Instructions for the task: Return the lines from the start of the data through the line with "[ medieval samurai]". Include both of those lines and no others.

Start of Information shown

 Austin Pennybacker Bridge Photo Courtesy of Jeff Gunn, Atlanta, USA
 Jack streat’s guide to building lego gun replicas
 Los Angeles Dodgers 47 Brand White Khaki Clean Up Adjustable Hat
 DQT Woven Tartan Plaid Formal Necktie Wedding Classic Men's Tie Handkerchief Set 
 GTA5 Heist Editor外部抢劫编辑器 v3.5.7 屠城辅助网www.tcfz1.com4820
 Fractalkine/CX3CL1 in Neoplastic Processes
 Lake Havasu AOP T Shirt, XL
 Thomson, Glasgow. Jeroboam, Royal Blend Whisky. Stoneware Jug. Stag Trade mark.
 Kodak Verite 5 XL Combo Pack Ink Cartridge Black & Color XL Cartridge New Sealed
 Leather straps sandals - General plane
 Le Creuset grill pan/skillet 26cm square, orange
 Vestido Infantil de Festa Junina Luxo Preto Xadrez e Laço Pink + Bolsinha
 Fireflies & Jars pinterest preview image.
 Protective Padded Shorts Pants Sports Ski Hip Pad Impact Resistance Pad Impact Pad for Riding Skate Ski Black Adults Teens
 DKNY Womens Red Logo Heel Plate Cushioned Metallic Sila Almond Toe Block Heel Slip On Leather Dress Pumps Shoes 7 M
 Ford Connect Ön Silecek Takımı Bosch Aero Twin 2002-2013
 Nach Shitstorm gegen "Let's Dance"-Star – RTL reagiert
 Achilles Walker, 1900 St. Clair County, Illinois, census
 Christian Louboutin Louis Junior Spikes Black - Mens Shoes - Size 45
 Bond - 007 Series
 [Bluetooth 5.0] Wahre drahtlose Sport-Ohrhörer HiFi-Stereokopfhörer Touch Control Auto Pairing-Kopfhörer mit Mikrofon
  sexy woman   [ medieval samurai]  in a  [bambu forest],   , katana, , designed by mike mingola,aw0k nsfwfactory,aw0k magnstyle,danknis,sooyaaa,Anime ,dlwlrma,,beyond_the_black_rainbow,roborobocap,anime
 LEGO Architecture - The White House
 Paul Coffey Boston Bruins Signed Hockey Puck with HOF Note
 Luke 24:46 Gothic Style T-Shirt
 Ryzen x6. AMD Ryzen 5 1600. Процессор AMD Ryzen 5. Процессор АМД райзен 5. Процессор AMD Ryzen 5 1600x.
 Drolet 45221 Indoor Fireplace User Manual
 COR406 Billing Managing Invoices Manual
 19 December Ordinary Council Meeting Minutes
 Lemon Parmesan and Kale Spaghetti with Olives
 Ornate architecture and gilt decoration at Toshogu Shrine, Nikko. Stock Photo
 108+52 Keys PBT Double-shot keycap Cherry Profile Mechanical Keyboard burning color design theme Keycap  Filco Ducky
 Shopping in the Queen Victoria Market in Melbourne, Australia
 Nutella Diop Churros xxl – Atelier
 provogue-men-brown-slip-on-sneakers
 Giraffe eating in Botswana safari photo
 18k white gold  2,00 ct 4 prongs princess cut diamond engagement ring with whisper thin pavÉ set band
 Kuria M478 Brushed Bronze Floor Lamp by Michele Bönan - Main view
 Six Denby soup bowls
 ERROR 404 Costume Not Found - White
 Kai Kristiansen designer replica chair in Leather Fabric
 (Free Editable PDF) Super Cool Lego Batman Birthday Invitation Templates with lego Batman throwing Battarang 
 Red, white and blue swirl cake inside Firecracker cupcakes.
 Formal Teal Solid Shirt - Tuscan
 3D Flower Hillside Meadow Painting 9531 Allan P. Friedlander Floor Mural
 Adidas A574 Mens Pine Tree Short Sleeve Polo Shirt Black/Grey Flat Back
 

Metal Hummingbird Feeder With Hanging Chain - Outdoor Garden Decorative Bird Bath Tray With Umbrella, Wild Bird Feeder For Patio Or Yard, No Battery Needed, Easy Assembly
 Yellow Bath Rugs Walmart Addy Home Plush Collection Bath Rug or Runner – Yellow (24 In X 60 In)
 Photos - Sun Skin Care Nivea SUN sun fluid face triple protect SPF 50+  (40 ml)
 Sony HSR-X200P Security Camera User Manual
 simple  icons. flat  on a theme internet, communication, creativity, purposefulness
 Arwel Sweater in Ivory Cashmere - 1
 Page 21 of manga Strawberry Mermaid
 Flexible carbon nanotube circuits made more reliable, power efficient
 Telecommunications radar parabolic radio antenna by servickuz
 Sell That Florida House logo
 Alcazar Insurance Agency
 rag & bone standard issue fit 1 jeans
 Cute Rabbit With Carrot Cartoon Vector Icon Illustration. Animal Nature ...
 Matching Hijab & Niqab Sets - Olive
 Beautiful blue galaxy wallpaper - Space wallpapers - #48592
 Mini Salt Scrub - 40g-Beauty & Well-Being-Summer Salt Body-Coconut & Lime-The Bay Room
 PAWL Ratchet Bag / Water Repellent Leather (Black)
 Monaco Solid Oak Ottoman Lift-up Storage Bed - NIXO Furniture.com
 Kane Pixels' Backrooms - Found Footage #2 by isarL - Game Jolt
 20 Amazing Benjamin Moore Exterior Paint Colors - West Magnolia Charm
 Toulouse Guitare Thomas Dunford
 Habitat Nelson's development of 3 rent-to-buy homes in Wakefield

End of Information shown

Your response:
 Austin Pennybacker Bridge Photo Courtesy of Jeff Gunn, Atlanta, USA
 Jack streat’s guide to building lego gun replicas
 Los Angeles Dodgers 47 Brand White Khaki Clean Up Adjustable Hat
 DQT Woven Tartan Plaid Formal Necktie Wedding Classic Men's Tie Handkerchief Set 
 GTA5 Heist Editor外部抢劫编辑器 v3.5.7 屠城辅助网www.tcfz1.com4820
 Fractalkine/CX3CL1 in Neoplastic Processes
 Lake Havasu AOP T Shirt, XL
 Thomson, Glasgow. Jeroboam, Royal Blend Whisky. Stoneware Jug. Stag Trade mark.
 Kodak Verite 5 XL Combo Pack Ink Cartridge Black & Color XL Cartridge New Sealed
 Leather straps sandals - General plane
 Le Creuset grill pan/skillet 26cm square, orange
 Vestido Infantil de Festa Junina Luxo Preto Xadrez e Laço Pink + Bolsinha
 Fireflies & Jars pinterest preview image.
 Protective Padded Shorts Pants Sports Ski Hip Pad Impact Resistance Pad Impact Pad for Riding Skate Ski Black Adults Teens
 DKNY Womens Red Logo Heel Plate Cushioned Metallic Sila Almond Toe Block Heel Slip On Leather Dress Pumps Shoes 7 M
 Ford Connect Ön Silecek Takımı Bosch Aero Twin 2002-2013
 Nach Shitstorm gegen "Let's Dance"-Star – RTL reagiert
 Achilles Walker, 1900 St. Clair County, Illinois, census
 Christian Louboutin Louis Junior Spikes Black - Mens Shoes - Size 45
 Bond - 007 Series
 [Bluetooth 5.0] Wahre drahtlose Sport-Ohrhörer HiFi-Stereokopfhörer Touch Control Auto Pairing-Kopfhörer mit Mikrofon
  sexy woman   [ medieval samurai]  in a  [bambu forest],   , katana, , designed by mike mingola,aw0k nsfwfactory,aw0k magnstyle,danknis,sooyaaa,Anime ,dlwlrma,,beyond_the_black_rainbow,roborobocap,anime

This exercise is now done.